In People v. Stokes, supra, the defendant's conviction was based solely on the complainant's testimony. Two months after the defendant was convicted, defendant's nephew swore that he had witnessed the robbery and that his uncle was not one of the perpetrators. Defendant's nephew claimed that he had not testified at defendant's trial because he feared for his personal safety. As the Second Department observed, "[i]t is not that the 'witness' is newly discovered, but it is the fact that since the trial, the witness has, for the first time, made statements which makes [sic] such evidence newly discovered." (People v. Stokes, 83 A.D.2d, at 969, 443 N.Y.S.2d 12.) In the instant case, like the witness in Stokes, Crawford is not a newly discovered witness. However, unlike the witness in Stokes, Crawford is not since the trial, for the first time, making statements; rather he made them when he pled guilty during the middle of defendant's trial, although he refused to testify in defendant's behalf.

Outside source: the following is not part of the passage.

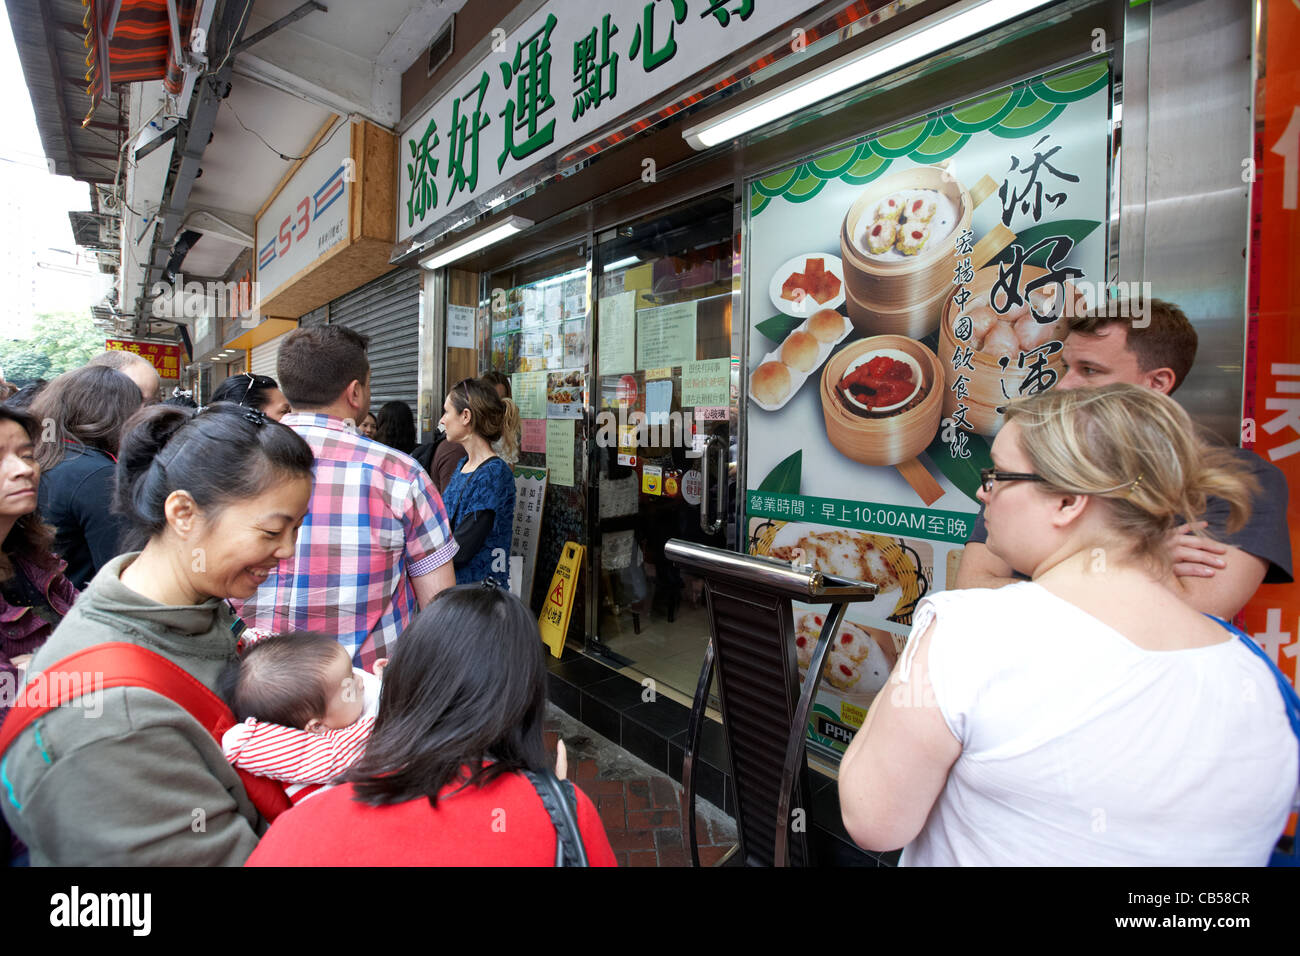 people queuing outside former one dim sum tim ho wan michelin starred restaurant location in mong kok district kowloon hong kong hksar china Stock Photo

Defendant argues that it is still newly discovered evidence because Crawford, who exercised his Fifth Amendment right against self-incrimination when called as a witness on defendant's behalf at trial, was unavailable for testimonial purposes.

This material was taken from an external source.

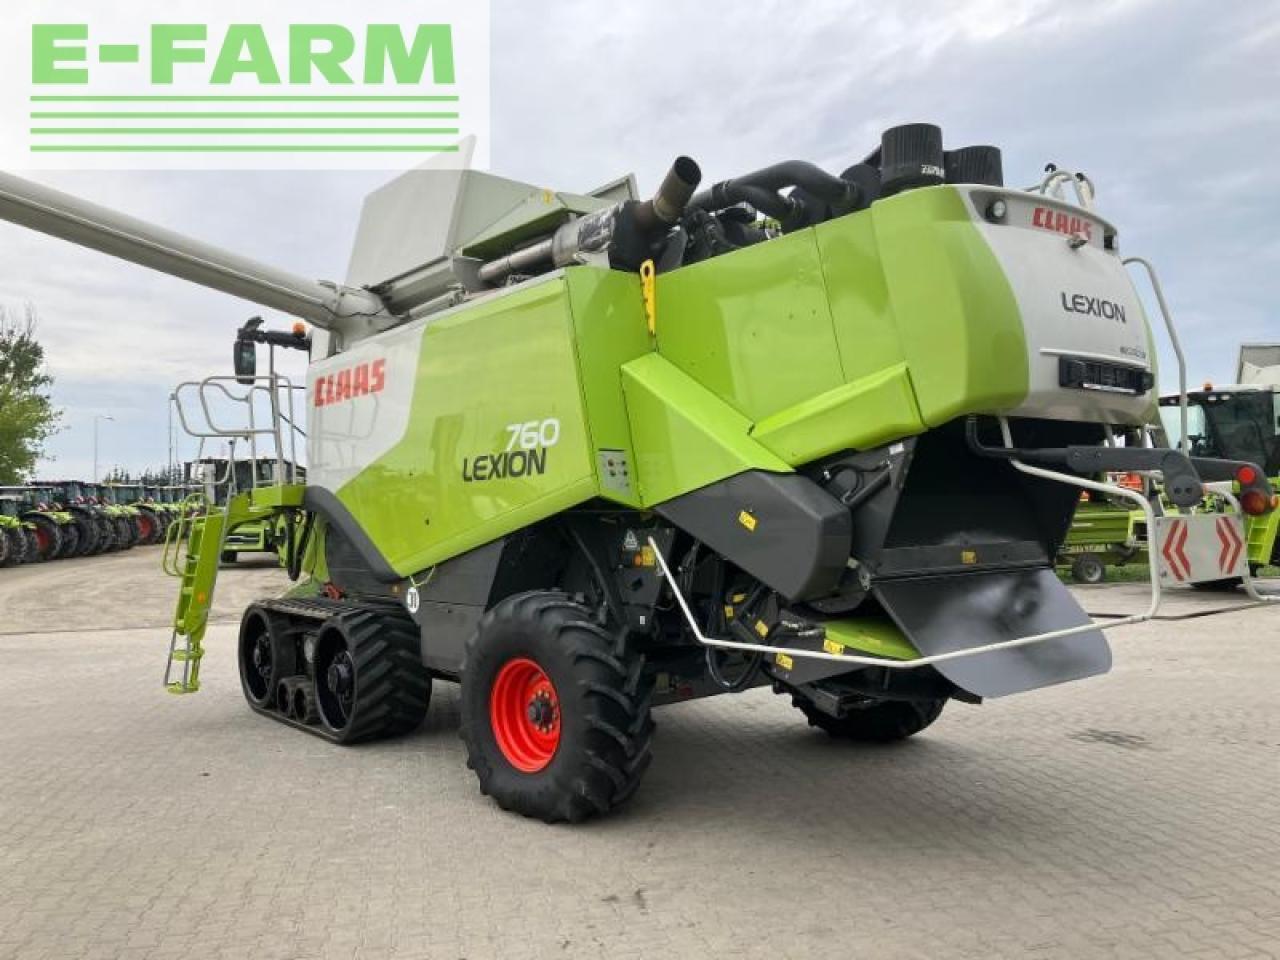 Combine harvester CLAAS lexion 760 terra trac: picture 6

Therefore, the issue before this Court was whether a formerly unavailable codefendant's testimony (unavailable by reason of his exercising his Fifth Amendment rights), offered after defendant is convicted, constitutes newly discovered evidence.

While there appear to be no appellate decisions in New York that have directly dealt with this issue, many Federal and State jurisdictions have concluded that this type of evidence is not "newly discovered" and have denied defendant's motion for a retrial. (See, e.g., United States v. Diggs, 649 F.2d 731 [9th Cir.], cert. denied 454 U.S. 970, 102 S.Ct. 516, 70 L.Ed.2d 387 [1981]; United States v. Jacob, 475 F.2d 270 [2d Cir.], cert. denied sub nom. Thaler v. United States, 414 U.S. 821, 94 S.Ct. 116, 38 L.Ed.2d 53 [1973]; United States v. Metz, 652 F.2d 478 [5th Cir.1981]; United States v. Carlin, 573 F.Supp. 44 [N.D.Ga.1983], aff'd 734 F.2d 1480 [11th Cir.1984]; United States v. Persinger, 587 F.Supp. 899 [W.D.Pa.1984]; United States v. Vergara, 714 F.2d 21 [5th Cir.1983]; United States v. Matthews, 424 F.Supp. 339 [E.D.Pa.1976]; United States v. Peller, 151 F.Supp. 242 [S.D.N.Y.1957]; Garroutte v. State, 683 P.2d 262 [Alaska App.1984]; People v. Fletcher, 193 Colo. 314, 566 P.2d 345 [S.Ct.Colo.1977]; People v. Gutierrez, 622 P.2d 547 [S.Ct.Colo.1981].)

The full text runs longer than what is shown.